An elegant, inviting app that eases the processes of finding diverse forms of accommodation in a new city, based on users’ preferences as well as careful filtering of review data to match their preferences to those of travelers whose preferences are similar to theirs:
- Use of keywords allows users to search an enormous corpus of user-generated content for material that is relevant to their specific needs, thereby ensuring personalization.

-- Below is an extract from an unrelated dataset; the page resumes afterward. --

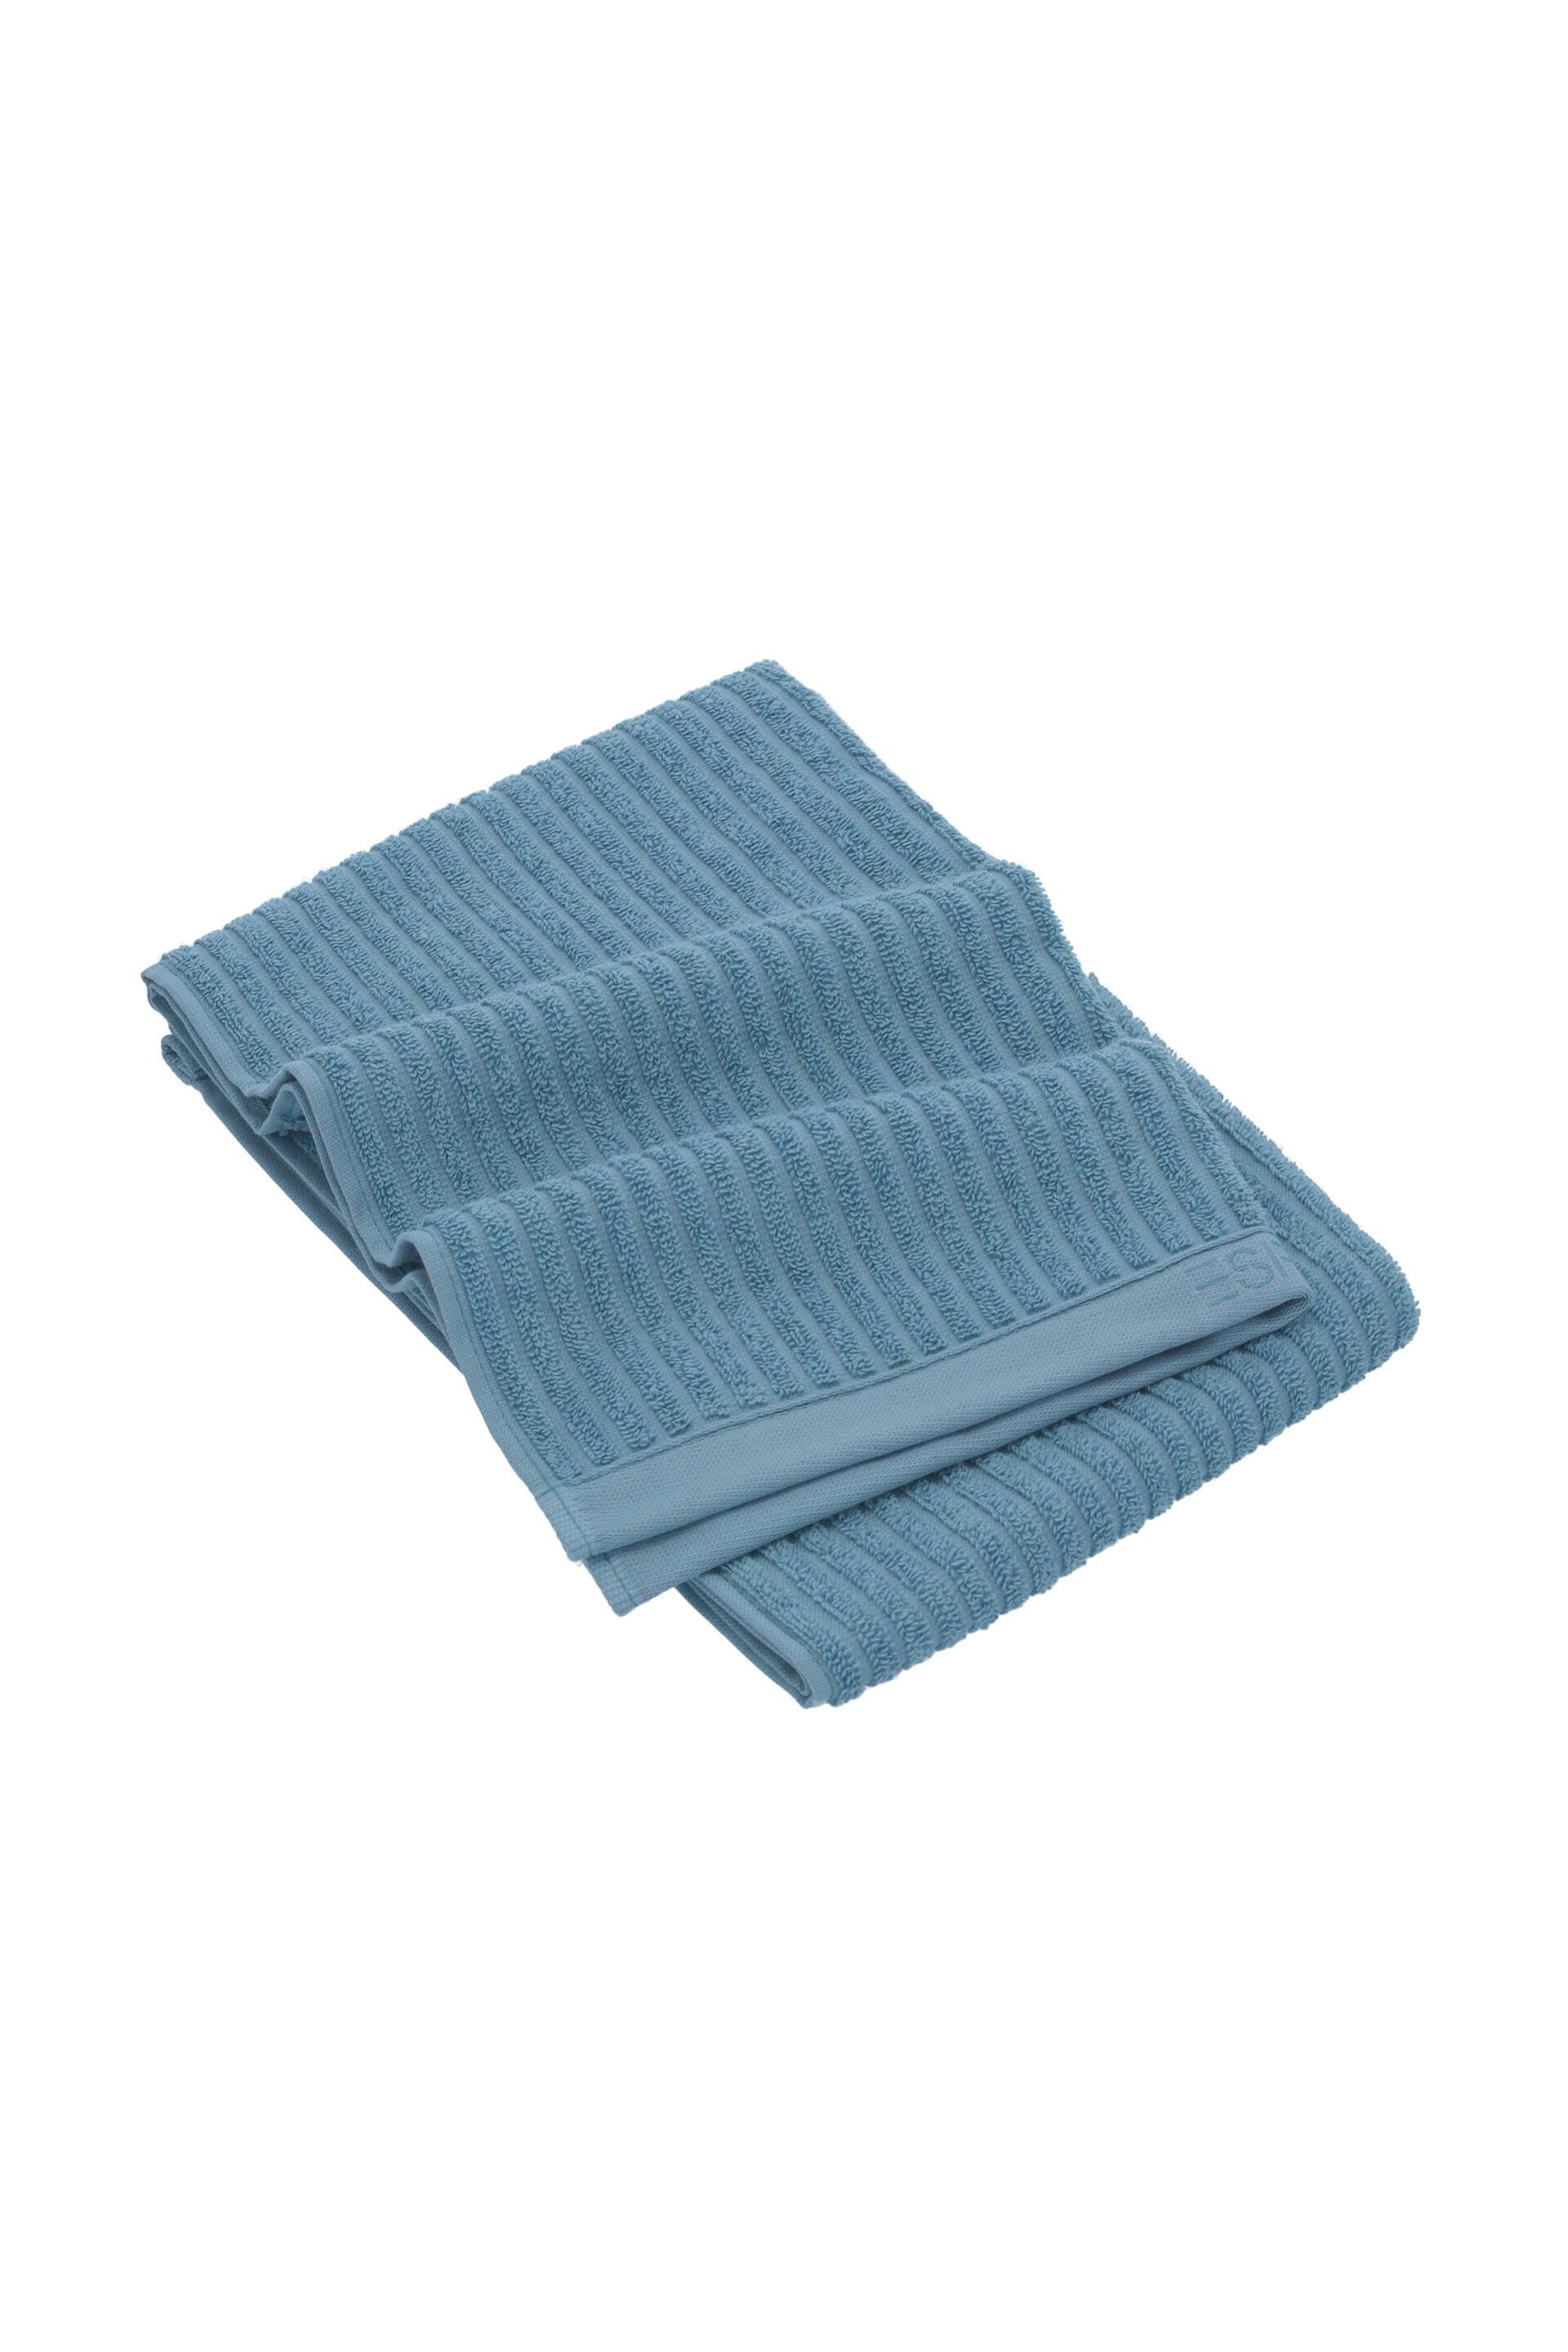 Esprit Modern lines towel hand

- Because of the app’s clever way of sorting data, customers have a huge array of factors that they can easily use to filter hotels and accommodations, including by amenities like pools and restaurants.
- System links with reservation systems on hotel websites, allowing consumers to make seamless reservations within the app and allowing hotels to see new customer data.
Facing the problem of high volume of crowds and difficulty navigation around crowds, which increase during holiday season. We figured out that there are no way to get reliable advance information about crowds, or to disperse crowds before they occur, so we combined real-time and historical crowd data in an easily read interface so tourists can avoid crowded spaces.
A simple app that uses location sensing to show tourists the sites nearest them, and recommends the best times to visit in order to avoid crowds:
- GPS link on the backend identifies user’s location and serves relevant results.
- Backend system accesses historical crowd data on popular attractions and displays it in an easily visualized form for tourists, offering recommendations on the best times to visit.
- The backend system also incorporates evolving data, and can be made responsible to real time data to reflect changes in crowd composition and size as more users employ the app.
Concerning the problem of Heavy traffic congestion if traveling by car. We figured out that rush hours are nearly unbearable, and it is difficult to ride in the subway and tourists are not familiar with rush hour timings and can’t avoid them, and don’t know alternate routes. They cannot optimize their time, so we decided to provide real-time and historical transit data to tourists in an interface that combines locations of local monuments and syncs with their offline calendar, enabling seamless travel and tourism.
An app that visualizes the best way to travel between any two points in the city, tracks users’ calendar obligations to help prevent them from getting lost and missing once in-a-lifetime appointments, and directs them to the least crowded routes and modes of transit:
- GPS enables the server to identify and find attractions that are nearby.
- The app uses a mixture of real-time and historical data to estimate how long it will take to make future trips, especially ones between calendar destinations.
- The app filters real-time traffic data in order to build realistic estimates of how long it will take to travel via different modes of transit.
-The backend also links with most common calendar apps, providing smooth information about upcoming appointments.